Well, okay, more enlightened Christians might say, but nonetheless Jesus conveyed to the world what God wanted us to know. He was wise and compassionate and told us how our sins could be forgiven. Except his wisdom comes directly from Jewish scriptures; he had nothing new to say. He was no more compassionate than anyone else and could in fact be an absolute s**t. He was inconsistent across the gospels about how sins were forgiven and much of his teaching in the original Gospel (Mark’s) is lifted from Paul or reflects the beliefs of the early Christ cult. Jesus the holy man is a construct – or rather a series of constructs, a literary device, not a real man.

So, okay; the nativity didn’t happen as depicted. The astounding feats attributed to Jesus didn’t happen and Jesus is whoever the various gospel writers and Paul want to make him. Nothing we’ve seen so far is factually, historically or really (as in reality) true.

But, the crucifixion and resurrection are! Oh yes. The rest is made up, but these two events most certainly are not.

  • Even though Jesus’ trial is historically inaccurate and is, as a consequence, highly implausible.
  • Even though there was no-one to record Jesus’s snappy repartee (or silence depending on which gospel you read) with Pilate or Herod.
  • Even though there was no such Roman custom as releasing a prisoner on the Passover.
  • Even though the synoptics have Jesus crucified on Friday while John says it was a Thursday.
  • Even though characters like Barabbas, Joseph of Arimathea, Mary Magdelene and the ‘disciple whom Jesus loved’ are evidently and entirely fictional.
  • Even though there was no eclipse of the sun that lasted for hours.
  • Even though there was no earthquake that shook zombies loose from their graves before Jesus had a chance to rise and shine himself.

Such things are not historical.

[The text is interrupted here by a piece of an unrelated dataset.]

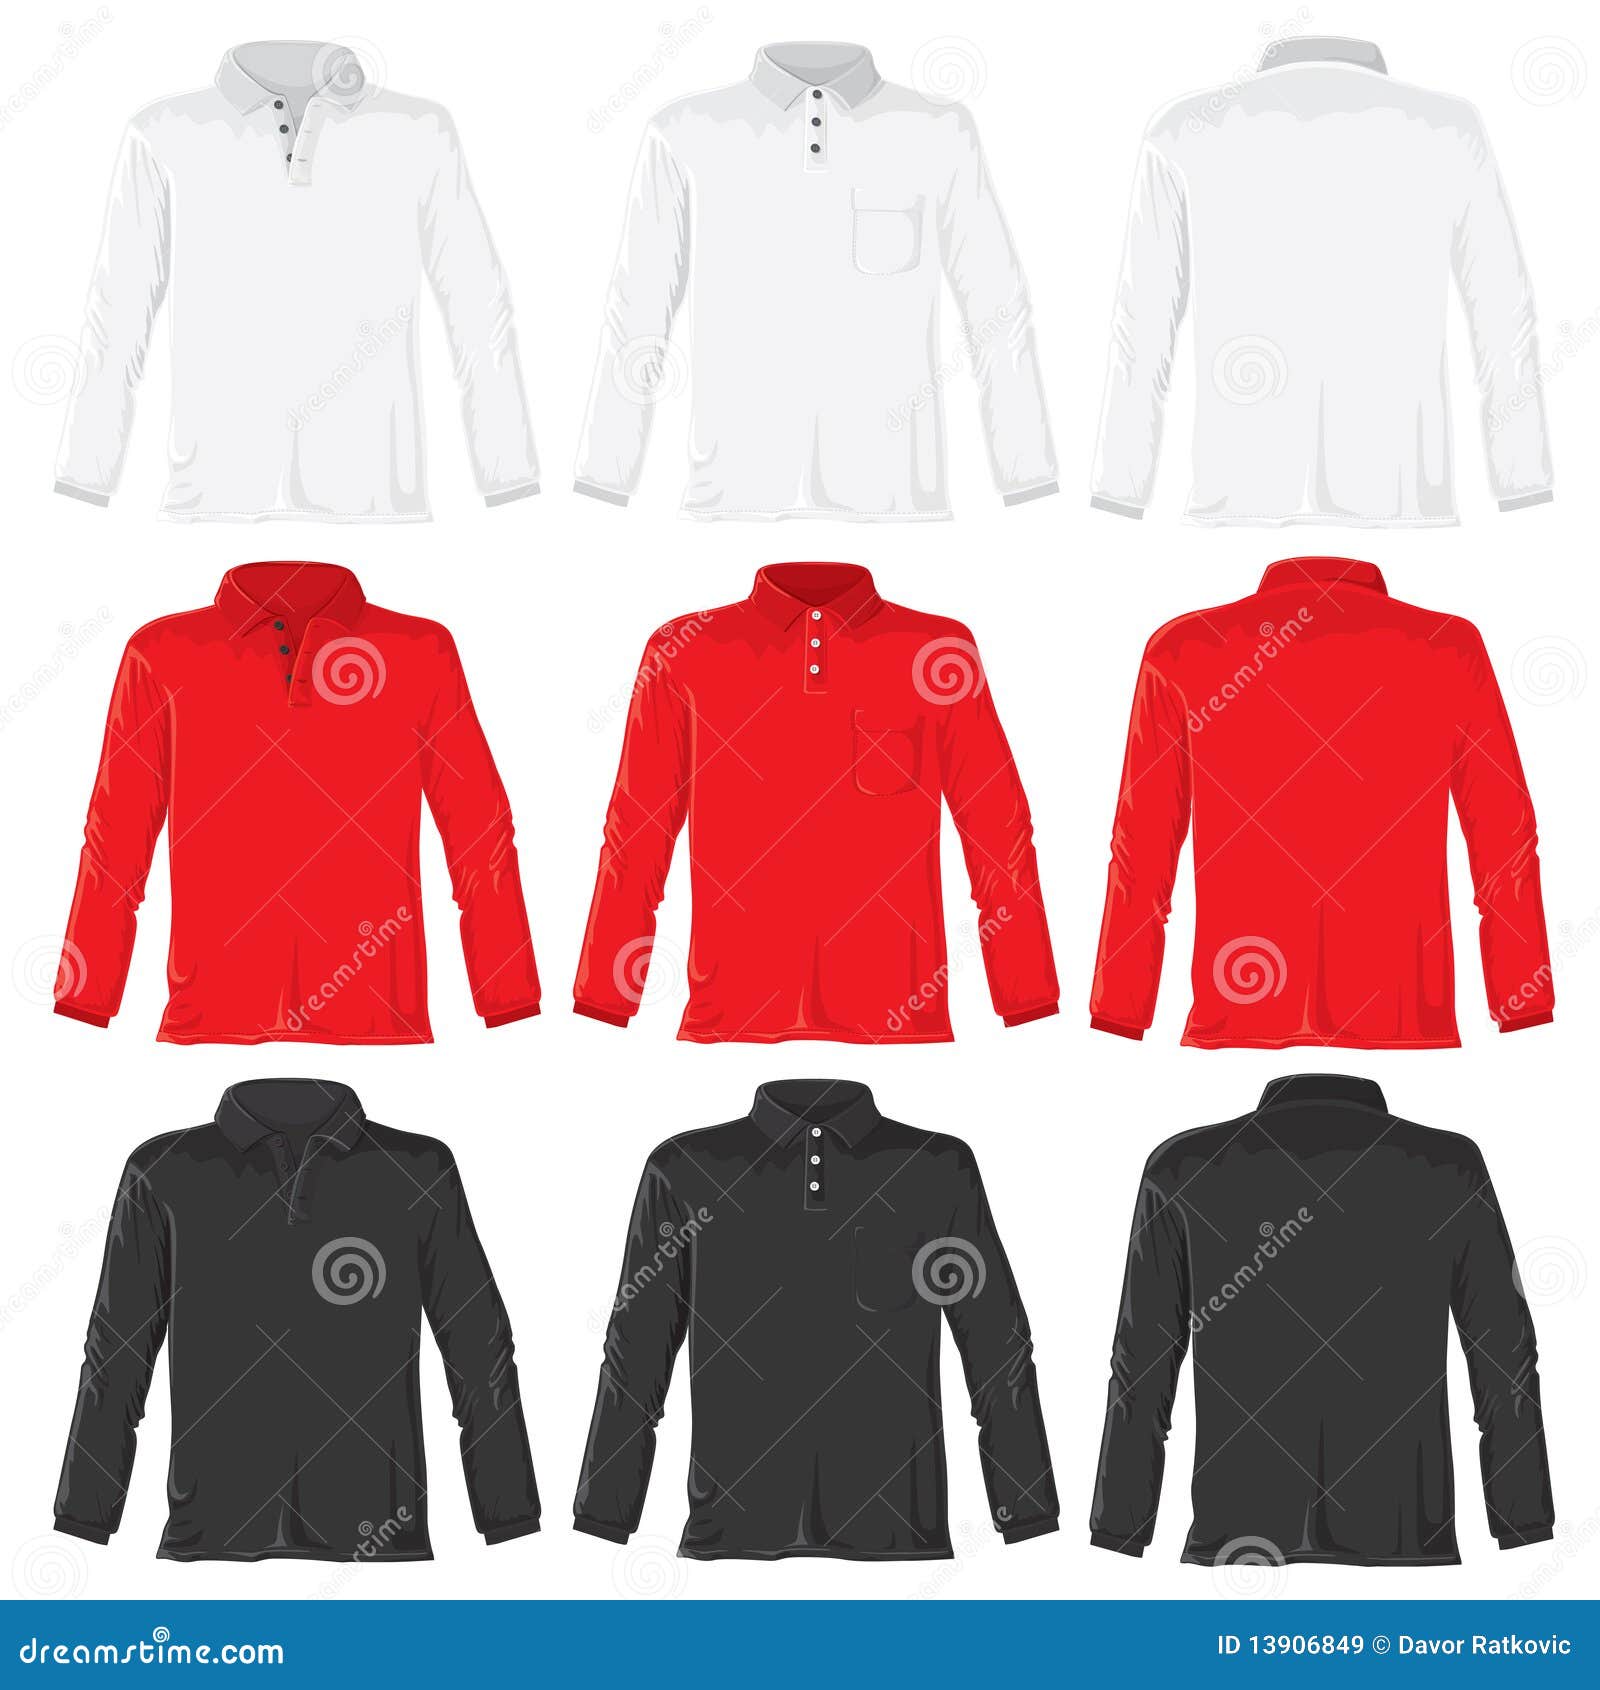 polo shirt with long sleeves
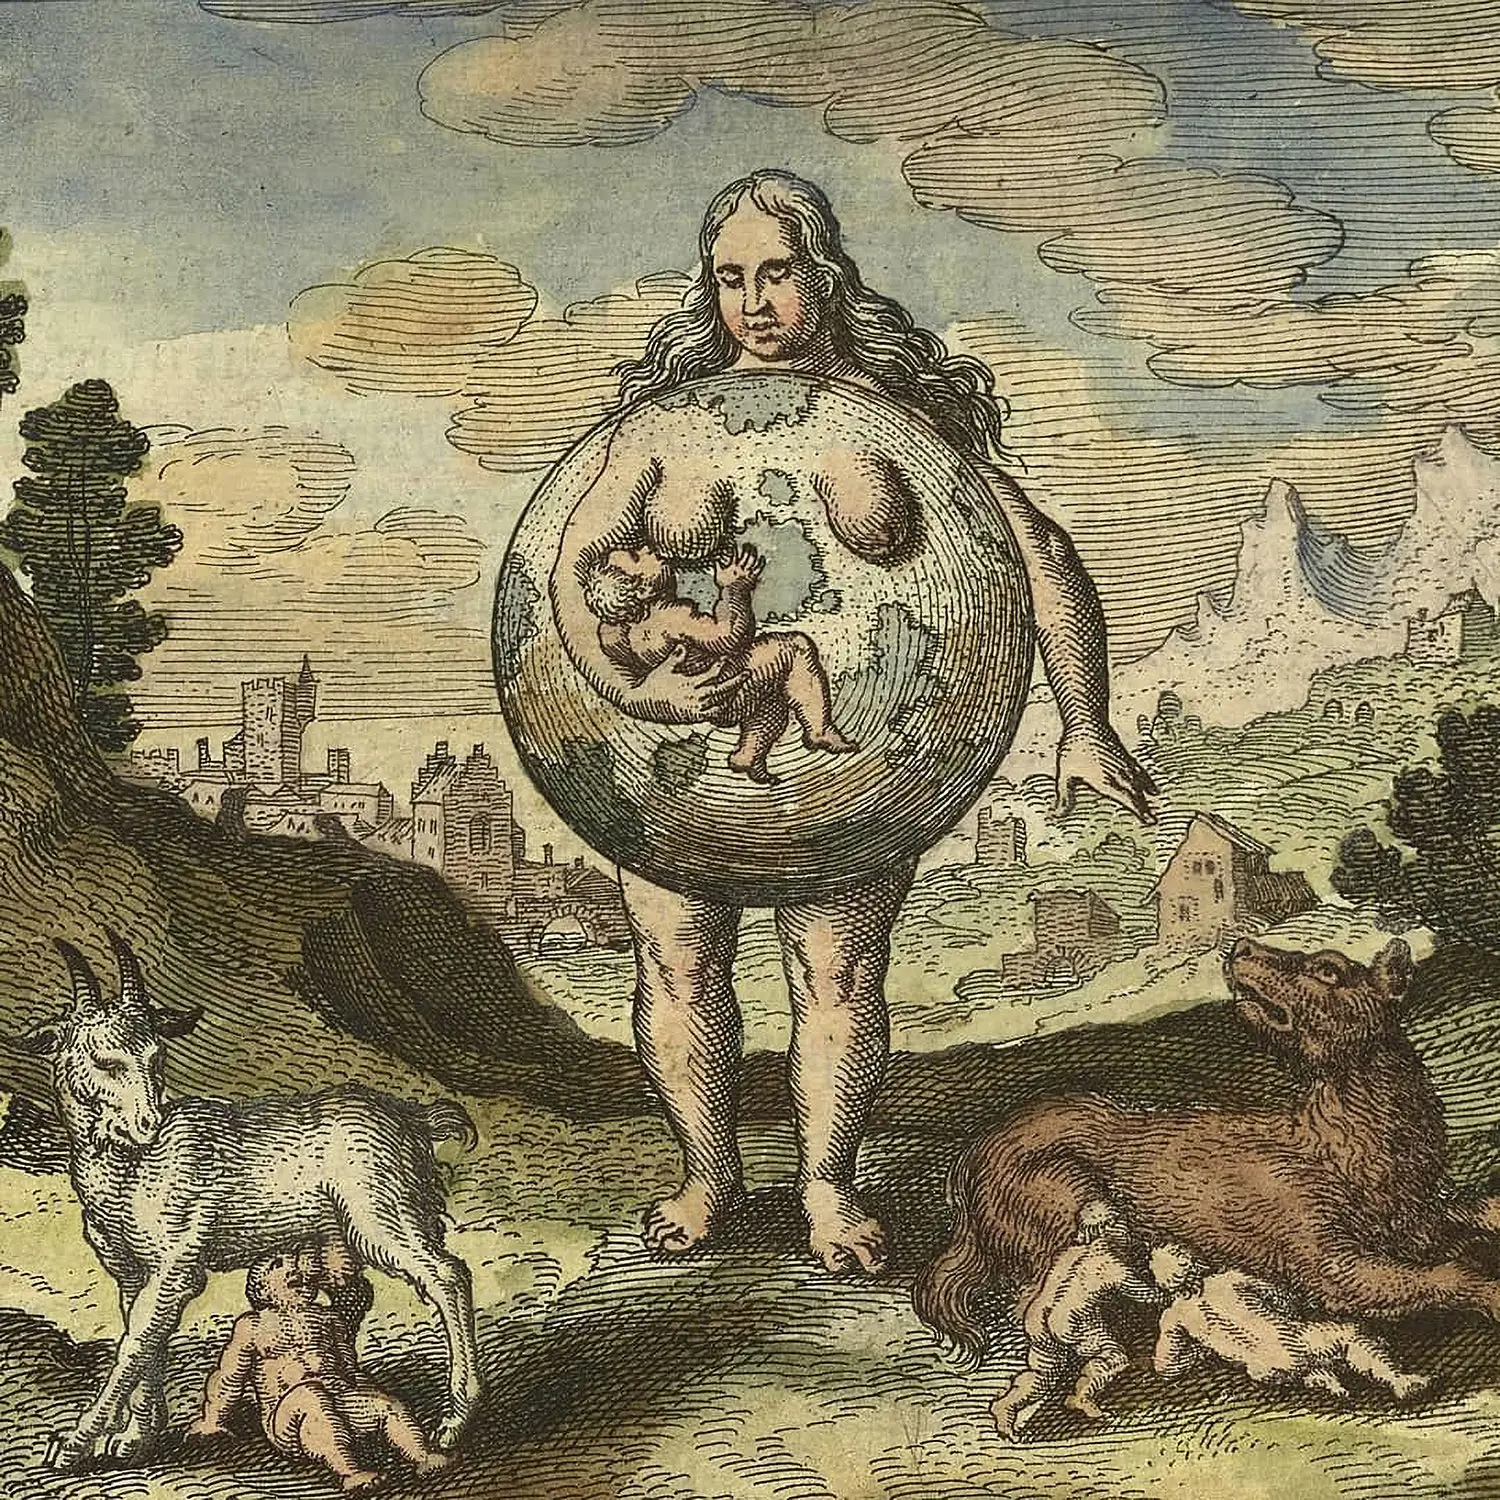 Mother Earth is depicted as a woman with long gray hair and her torso the large sphere of the Earth. She is carrying a baby, which is feeding from her breast. On the ground near her, babies are feeding on a goat and a dog.

They’re not even feasible. They did not happen in reality. Well, if not the crucifixion per se, Christians say, then definitely the resurrection: that most unlikely of all unlikely events. That really happened.

  • Even though the reports of it are completely at odds with one another.
  • Even though angels are involved once again.
  • Even though Jesus behaves entirely like a ghost, walking through closed doors, altering his appearance and vanishing at will.
  • Even though he levitates into the clouds.
  • Even though some of the disciples find it impossible to believe he’s back.
  • Even though dead people rise only in stories, myths, legends and fantasies.
  • Even though, in reality, dead people do not come back to life after three days, which is why Jesus didn’t either.

Still, I’m sure I’ll be told when I go to a carol service with my friends in a few days, that the story of Jesus’ birth, emotionally powerful as it is, is true from start to finish. Why? Because people’s capacity for believing fantasy stories knows no bounds.